My second run at this distance was the Royal Parks Half Marathon last October. For the first 10km I followed the 1 hour 55 minutes pacer but after that I couldn’t keep up – I had not prepared as well for this race as the Hackney half and that fundamental lack of fitness had let me down, but still I wasn’t doing too badly.

Coming into the final mile both my legs buckled. I knew I had to walk. After a few hundred metres I tried running again only to get a very painful attack of cramp. I walked to about the 800 metres-to-go mark and started running again, slowly. I made it over the line. But whereas I’d got to 20k in 2 hours and a minute, it was 2 hours and 12 minutes before I finished.

And now I had really injured myself quite badly. Not badly as in get to hospital but badly as in blisters on both feet (don’t rely on Nike’s running socks), bad chafing – something like this – fixes that and most seriously of all, I had very painful Achilles’s Tendons. I didn’t run again at all for two weeks and, effectively, my 2014 running season was over.

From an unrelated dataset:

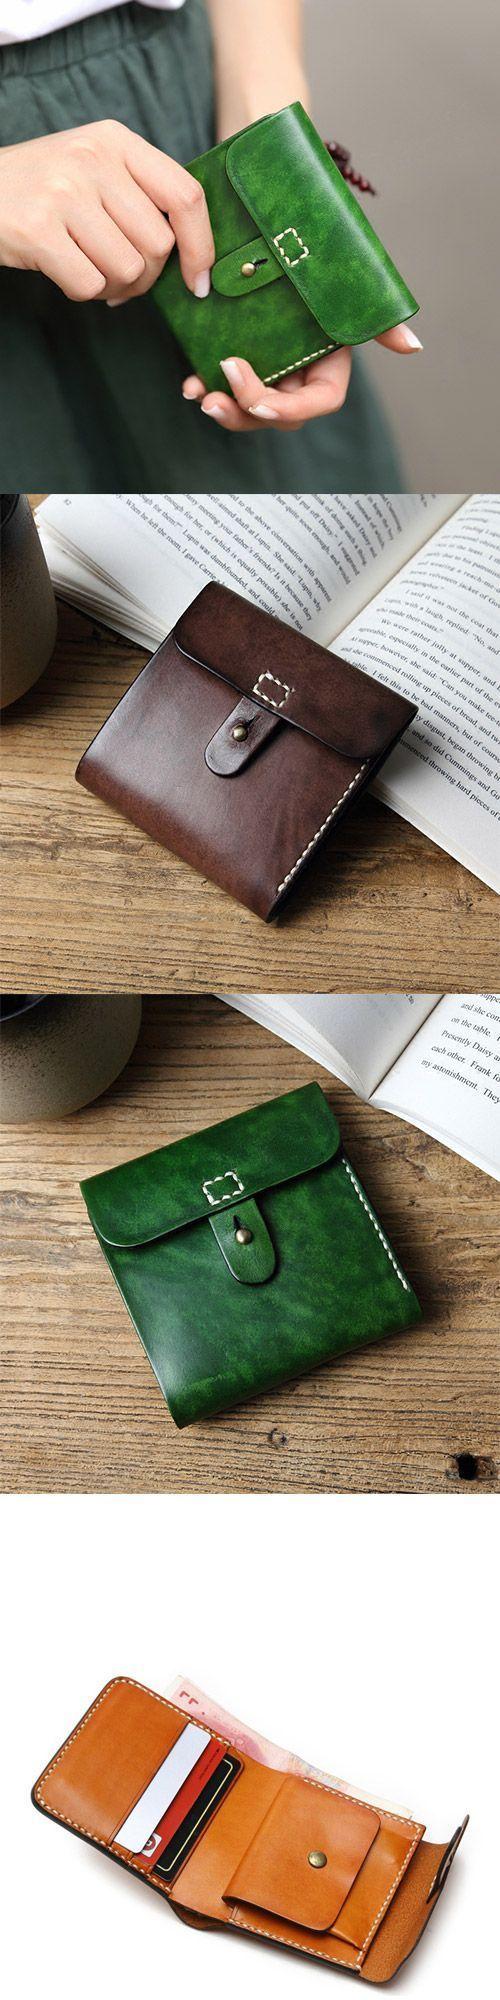 Handmade leather vintage women short wallet purse wallet - buy handbags online, women's bags and purses, leather ladies handbags *sponsored

Roll around 2015 and two big pieces of technology come into my life. Firstly the Garmin Forerunner 10 – a simple but very easy to use runners’ watch which meant I could really judge my pace properly and then, perhaps even more importantly, a Karrimor Roller which has worked wonders on my legs and hence my Achilles’s Tendons.

So, last week I ran the St. Albans Half Marathon. I had a realistic target – a 5′ 50″ per kilometre pace – and a means to judge whether I was hitting it or not. That wouldn’t take me under two hours, but it would take me close and it was realistic and achievable on what was a very tough course. I prepared properly – tapering even when I wanted to run. And I did it: 2 hours, 3 minutes and 34 seconds – a 5′ 50″ pace.

I still made mistakes – too fast (about 5′ 40″ pace) for much of the start and running the end in a semi-zombified state due to, fundamentally, mental weakness. But it was good.

Even better – I’ve run 30km in the last week – so no injuries.